Eleven divisions of the French Sixth Army and thirteen British divisions went “over the top” across no-man’s-land and straight into the German guns. The British alone suffered 60,000 casualties on the first day and, all told, more than a million men would die during the next four months.
In the air, Britain’s Royal Flying Corps conducted line patrols and offensive sweeps to destroy reconnaissance aircraft or spot for artillery. They went into the battle with numerical superiority (185 RFC aircraft vs. 129 German planes) and a technological advantage with Sopwith 1½ Strutters and the Nieuport 11. Losing the air superiority they’d enjoyed since April 1915, the Germans were now hard-pressed on the ground and in the air. Col. Hermann von der Leith-Thomsen, chief of the Imperial Air Service, cut Boelcke’s trip short with a request that he return as soon as possible.

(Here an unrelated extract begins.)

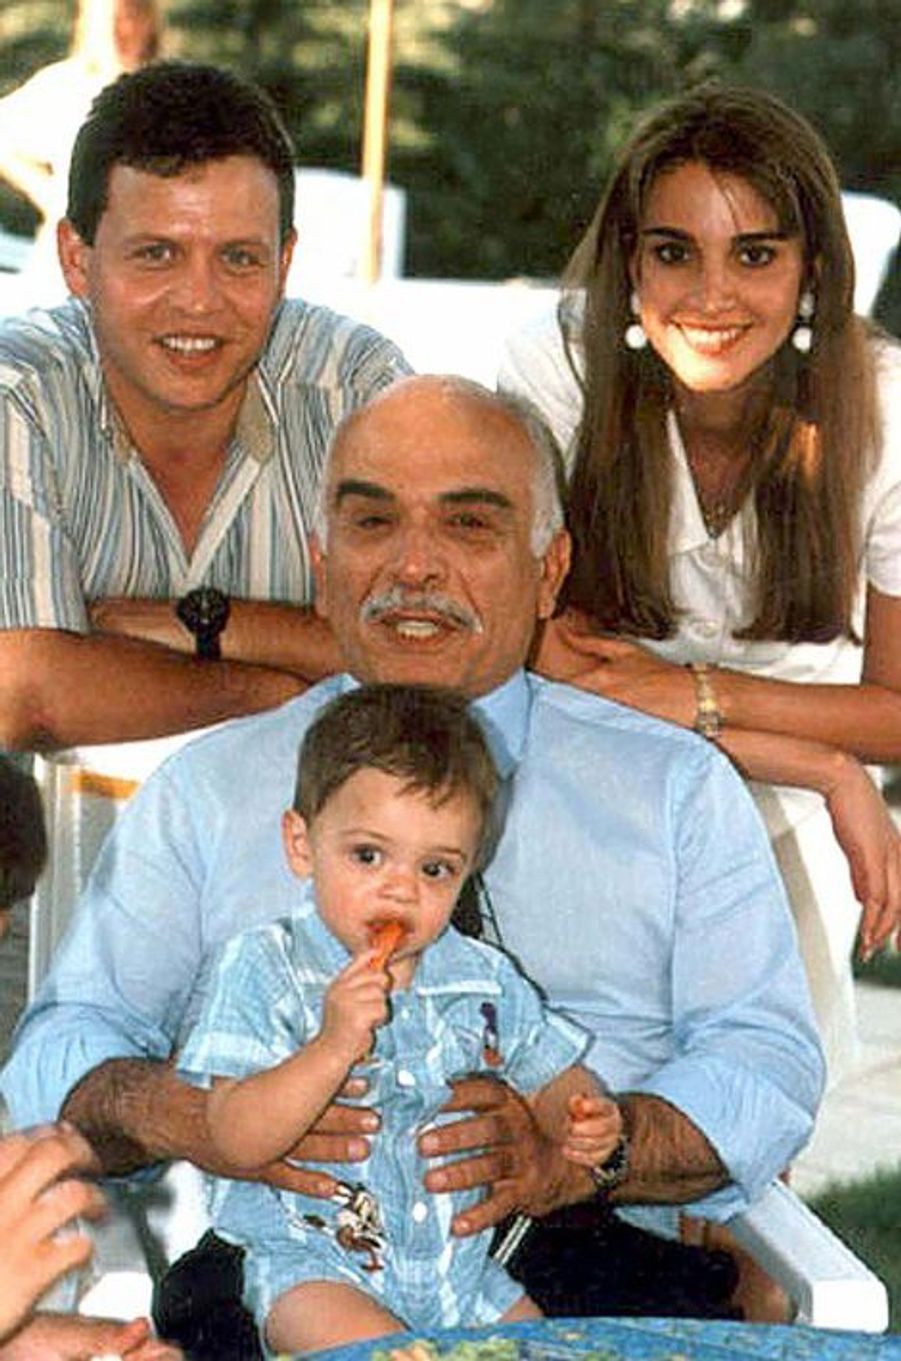 Le Fils Du Roi Abdallah Ii Et De La Reine Rania En Photos Le Prince Hussein De Jordanie A 21 Ans
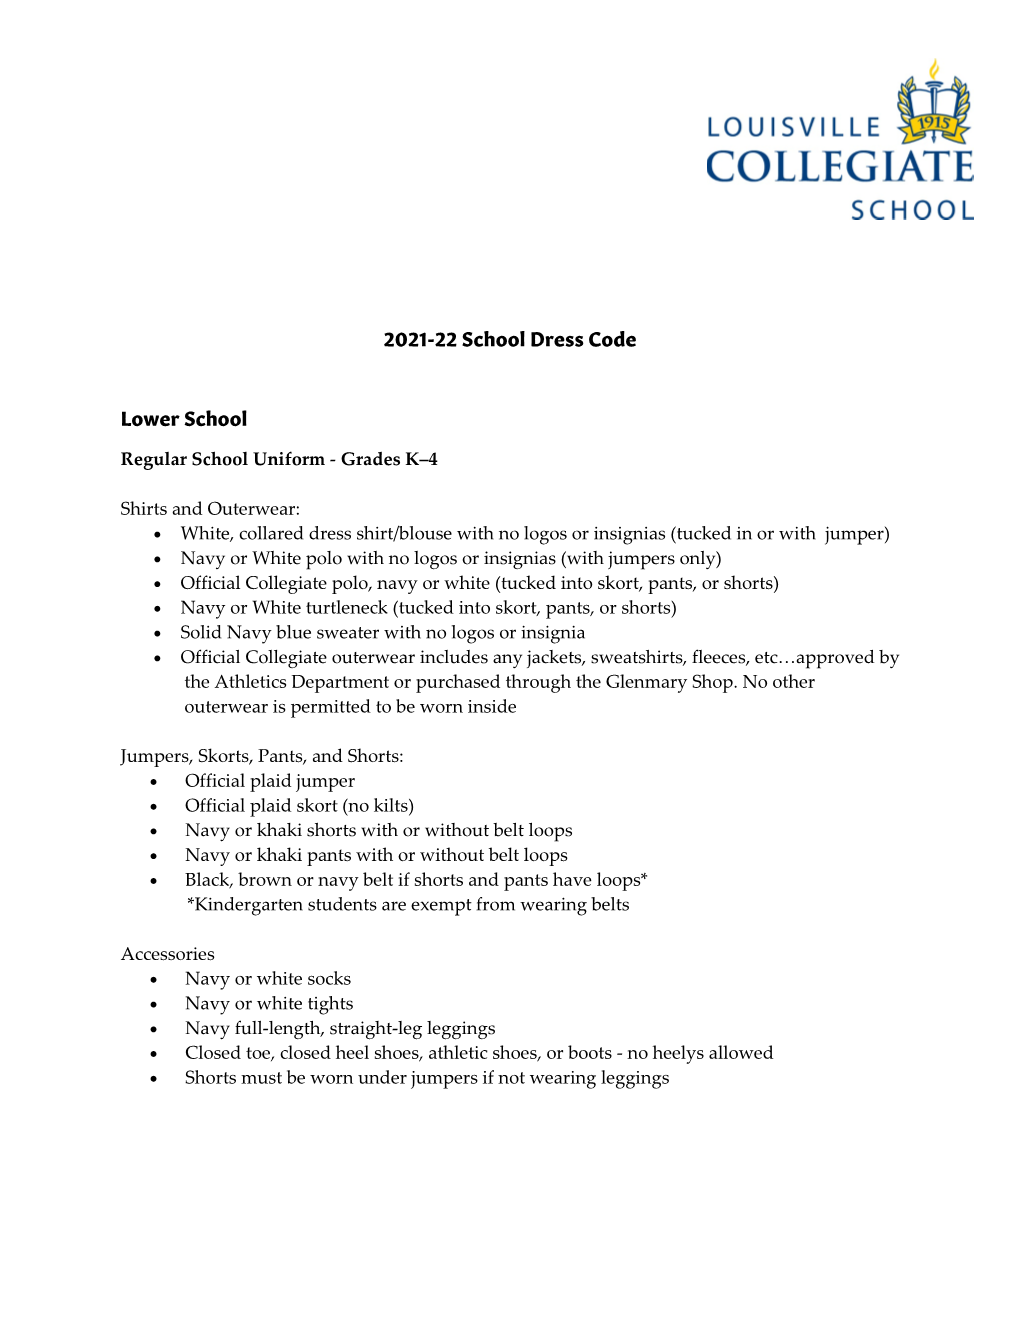 2021-22 School Dress Code Lower School

Departing Constantinople on August 1, Boelcke was visiting his brother Wilhelm, also a fighter pilot, near Kovel in occupied Russia. He received a telegram from Thomsen that ended with, “Return to west front as quickly as possible to organize and lead Jagdstaffel 2 on the Somme front.”
During Boelcke’s absence the old Imperial German Aviation Service had been reorganized, on paper at least. Aircraft would no longer be grouped into small special units, or
Feldfliegerabteilungen
, and subordinated to army units. Brought about largely by Boelcke’s theories and his combat successes, the new Deutschen Luftstreitkräfte (German Air Force) became official on October 8, 1916. This very significantly grouped fighter aircraft into specially formed
Jagdstaffeln
, or “hunting squadrons,” called
Jastas
for short. Boelcke was to command the first operational fighter squadron, and he was allowed to select the pilots. Right there in Kovel, with his brother’s help, he picked Erwin Böhme and a young cavalry officer turned flyer named Manfred von Richthofen. Jagdstaffel 2 was formally assembled by August 27 at the Bertincourt aerodrome outside Calais in northern France.